The United States Conference of Catholic Bishops (USCCB) is the episcopal conference of the Catholic Church in the United States. Founded in 2001 after the merger of the National Conference of Catholic Bishops (NCCB) and United States Catholic Conference (USCC), the USCCB is a registered corporation based in Washington, D.C.

As with all bishops' conferences, certain decisions and acts of the USCCB must receive the recognitio, or approval, of the Roman dicasteries, which are subject to the immediate and absolute authority of the Pope.

As of November 2025, the USCCB president is Archbishop Paul Coakley of the Archdiocese of Oklahoma City. The vice president is Bishop Daniel E. Flores of the Diocese of Brownsville.

== Structure ==
The USCCB is composed of all active and retired members of the Catholic hierarchy in the United States and the territory of the U.S. Virgin Islands. This includes archbishops, bishops, coadjutors, auxiliary bishops and the ordinary of the Personal Ordinariate of the Chair of Saint Peter. The other American territories and commonwealths are not part of the USCCB.

The president is the chief executive officer of the USCCB and is in charge of the Administrative Committee. He also presides at the plenary sessions of the bishops. The vice president is the second highest official and is assigned certain duties by the president. The treasurer manages the USCCB finances and the secretary keeps the minutes of the plenary sessions. These officials are all bishops serving three-year terms in office.

The USCCB normally holds two general assemblies per years. The assemblies are open to all bishops along with organizations and individuals who work with the USCCB. Voting on proposals are limited to active bishops of the Latin and Eastern Rite churches; emeritus bishops (retired bishops) do not have a vote. Proposals are passed either on majority votes or two-thirds votes.

As of 2025, the USCCB has 19 standing committees. Seven of these committees have subcommittees.

==History==
During the 19th century, the bishops in the United States met periodically to discuss issues facing the American church and to set policies and rules for its operation, with approval from the Vatican. Three of these plenary councils were held in Baltimore, Maryland, in 1852, 1866 and 1884.

As the American church grew and new circumstances arose, the need for more regular meetings soon became apparent.

===National Catholic War Council===

With the American entry into World War I in April 1917, the American Catholic hierarchy realized that it needed to provide chaplains and other services to Catholic soldiers serving in the United States and France.

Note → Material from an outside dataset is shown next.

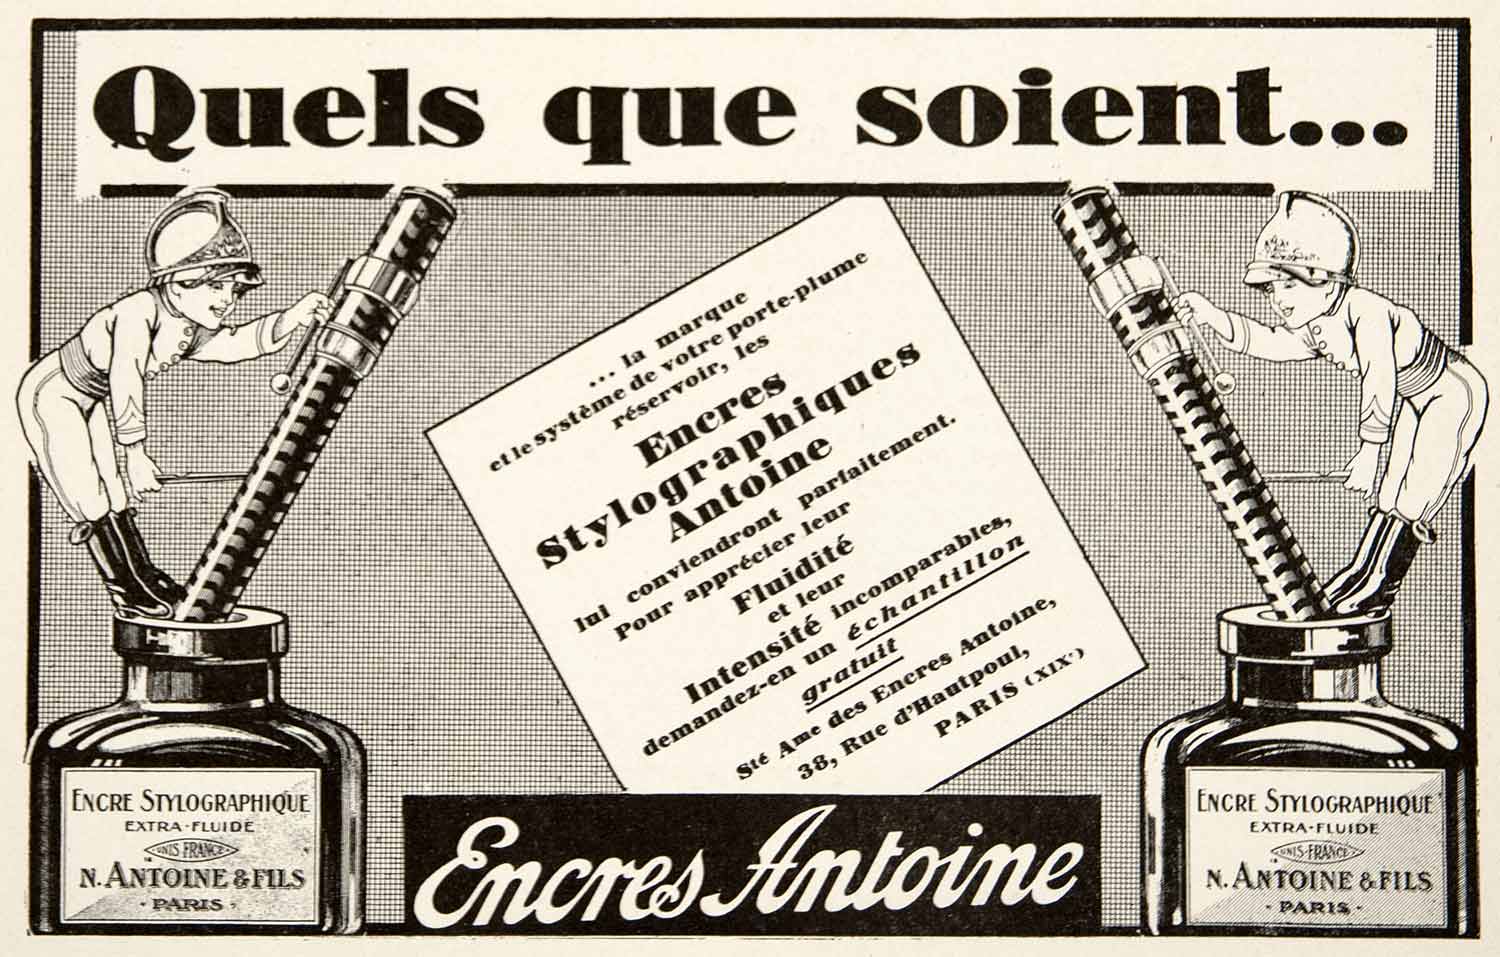 1928 Ad French Encres Stylographiques Inks Antoine, 38 Rue d'Hautpout Paris VEN5

It would also need to raise funds from dioceses around the country to support these services.

In August 1917, each bishop in the United States sent one priest and one lay person to meet at the Catholic University of America in Washington, D.C. The organizers also invited members of the Catholic press and religious institutes. The 1917 meeting at Catholic University ended with the founding of the first national organization of Catholic bishops in the United States, the National Catholic War Council (NCWC). In December 1917, the American bishops decided to place the NCWC directly under their control.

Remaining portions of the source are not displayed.